In a word, microbial inoculum of the present invention improves degrading waste water efficient and saves working cost more than 25% than indigenous bacterium.The present invention uses the original special efficacy bacterium that protoplastis merges, and is the first that the waste water specific bacteria is handled in preparation.Especially use the special efficacy bacterium with international originality, the specific bacteria of preparation has the advantage of domestic popularization on cost and price.Organic waste waters such as degraded pure terephthalic acid (PTA) petrochemical wastewater have high degraded, high flocculation, high adaptation advantage.
Four, description of drawings
Fig. 1 is parental plant 1 white-rot fungi of the present invention (Phanerochaete chrysosporium) electron micrograph
Fig. 2 is parental plant 2 native bacterium YZ1 (Pseudomonas) of the present invention, electron micrograph
Fig. 3 is parental plant 3 yeast saccharomyces cerevisiaes of the present invention (Saccharomyces cerevisiae) electron micrograph
Fig. 4 is the NJU-Fhhh1 bacterial strain electron micrograph figure that obtains after the present invention's three strains are merged
Five, embodiment
The zymotechnique flow process of NJU-Fhhh1 specific bacteria technology of preparing
Example title: preparation of NJU-Fhhh1 specific bacteria and degraded pure terephthalic acid PTA petrochemical wastewater thereof
(1) application NJU-Fhhh1 specific strain prepares the condition control preparation microbial inoculum of NJU-Fhhh1 specific bacteria
Bio-reactor: Germany produces the full automatic control bio-reactor of B.Braun, useful volume 1L; Automatic control parameter setting: DO (dissolved oxygen)=2mg/L; PH=7.0; T=35 ℃; Sf (liquid nutrient medium flow)=0.33 (V/V);
Mixing speed: 1000rpm; Foam-expelling: silicone oil; Liquid level: reach the 1L useful volume; Mineral salt flow: 0.003 (V/V); Liquid nutrient medium: be same as the aforesaid liquid substratum
(2) the parametric measurement NJU-Fhhh1 special efficacy thalline biomass concentration X:4.99g/L of NJU-Fhhh1 specific bacteria prepared product; Than rate of increase μ: 0.127h
-1Substratum than utilization ratio q:0.211h
-1Yield coefficient Yo:59.84%; Substrate residual concentration Se:0.15g (COD)/L. in the preparation liquid
(3) the preservation prescription of NJU-Fhhh1 specific bacteria prepared product (4 ℃)

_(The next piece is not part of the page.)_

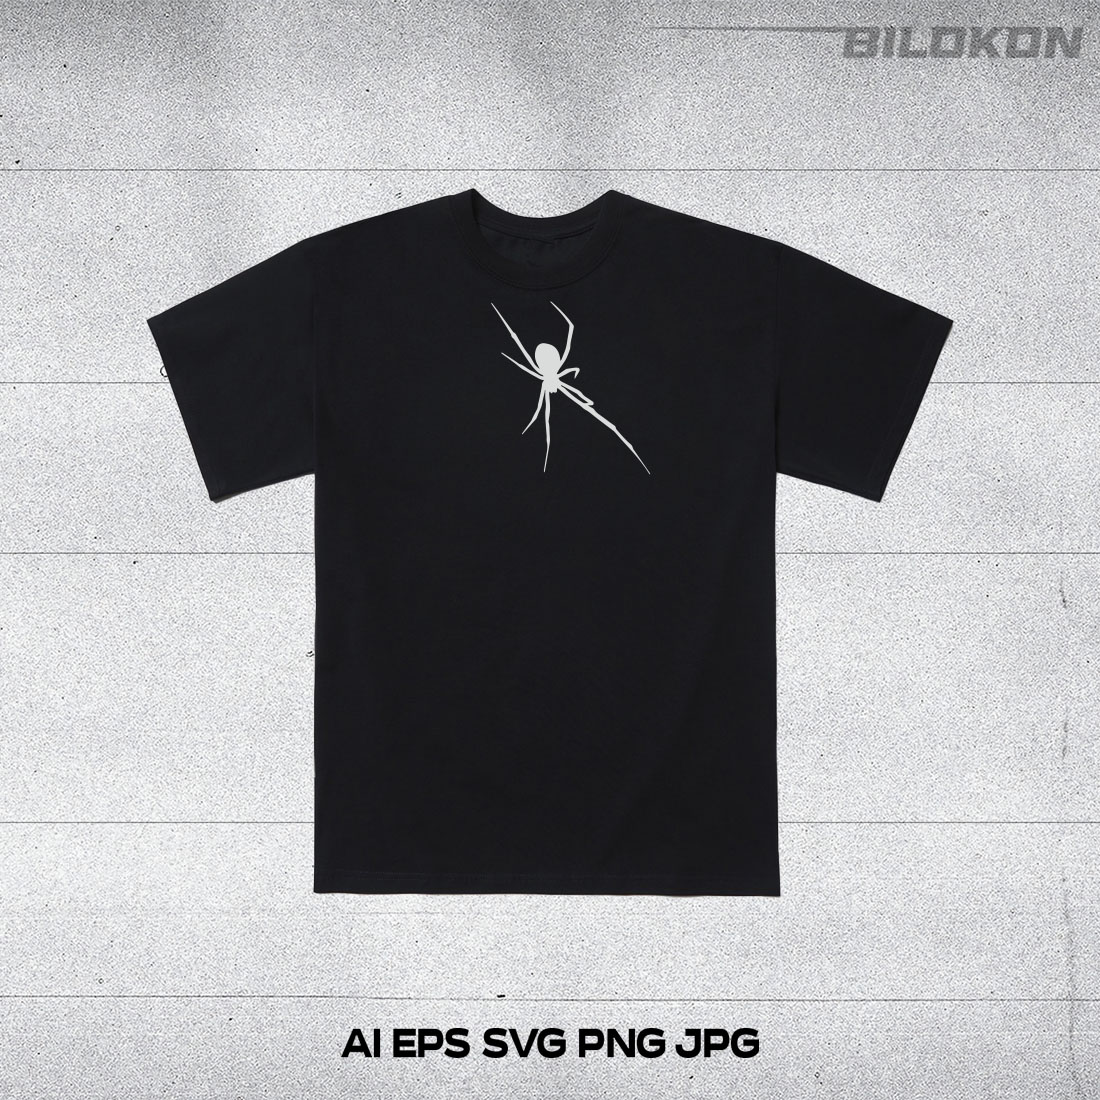 Black t - shirt with a spider on it.

Prescription 1:NJU-Fhhh1 specific bacteria fermented liquid does not add any other composition;
Prescription 2:NJU-Fhhh1 specific bacteria fermented liquid+antioxidant mercaptoethanol (SH); (final concentration 0.2 ‰);
Prescription 3:NJU-Fhhh1 specific bacteria fermented liquid+Fe
3+, (final concentration 0.14%);
Prescription 4:NJU-Fhhh1 specific bacteria fermented liquid+Fe
3++ mercaptoethanol (SH); (final concentration 0.2 ‰);
(4) best NJU-Fhhh1 specific bacteria degraded pure terephthalic acid PTA petrochemical wastewater parameter of preserving prescription: the preservation of process 2002/5/11-2002/7/21 70 days (4 ℃), product+antioxidant mercaptoethanol (SH) is an optimum formula to measure prescription 2:NJU-Fhhh1 specific bacteria original fermented solution body.Degraded pure terephthalic acid PTA petrochemical wastewater parameter is: NJU-Fhhh1 special efficacy thalline high specific rate of increase μ
Max, be 0.067
h -1High specific degradation rate q
Max, be 0.226
h -1Yield coefficient Y is 29.64%; Self reduction coefficient is 0.0026
h -1
(5) the NJU-Fhhh1 specific bacteria prepares case summary
The zymotechnique control condition of preparation specific bacteria is: DO (dissolved oxygen)=2mg/L; PH=7.0; T=35 ℃; Sf (liquid nutrient medium flow)=0.33 (V/V); Mixing speed: 1000rpm; The silicone oil foam-expelling; Mineral salt flow: 0.003 (V/V); The top condition of preserving the NJU-Fhhh1 specific bacteria is: 4 ℃ of preservations, special efficacy fermented liquid+mercaptoethanol (SH);
The NJU-Fhhh1 specific bacteria is separated pure terephthalic acid's petrochemical wastewater parameter: μ
Max=0.067
h -1High specific degradation rate q
Max=0.226
h -1Yield coefficient Y is 29.64%; Self reduction coefficient is 0.0026
h -1The NJU-Fhhh1 specific bacteria has high degraded, high flocculation, high adaptation advantage; Raise the efficiency and reduce expenses more than 25%.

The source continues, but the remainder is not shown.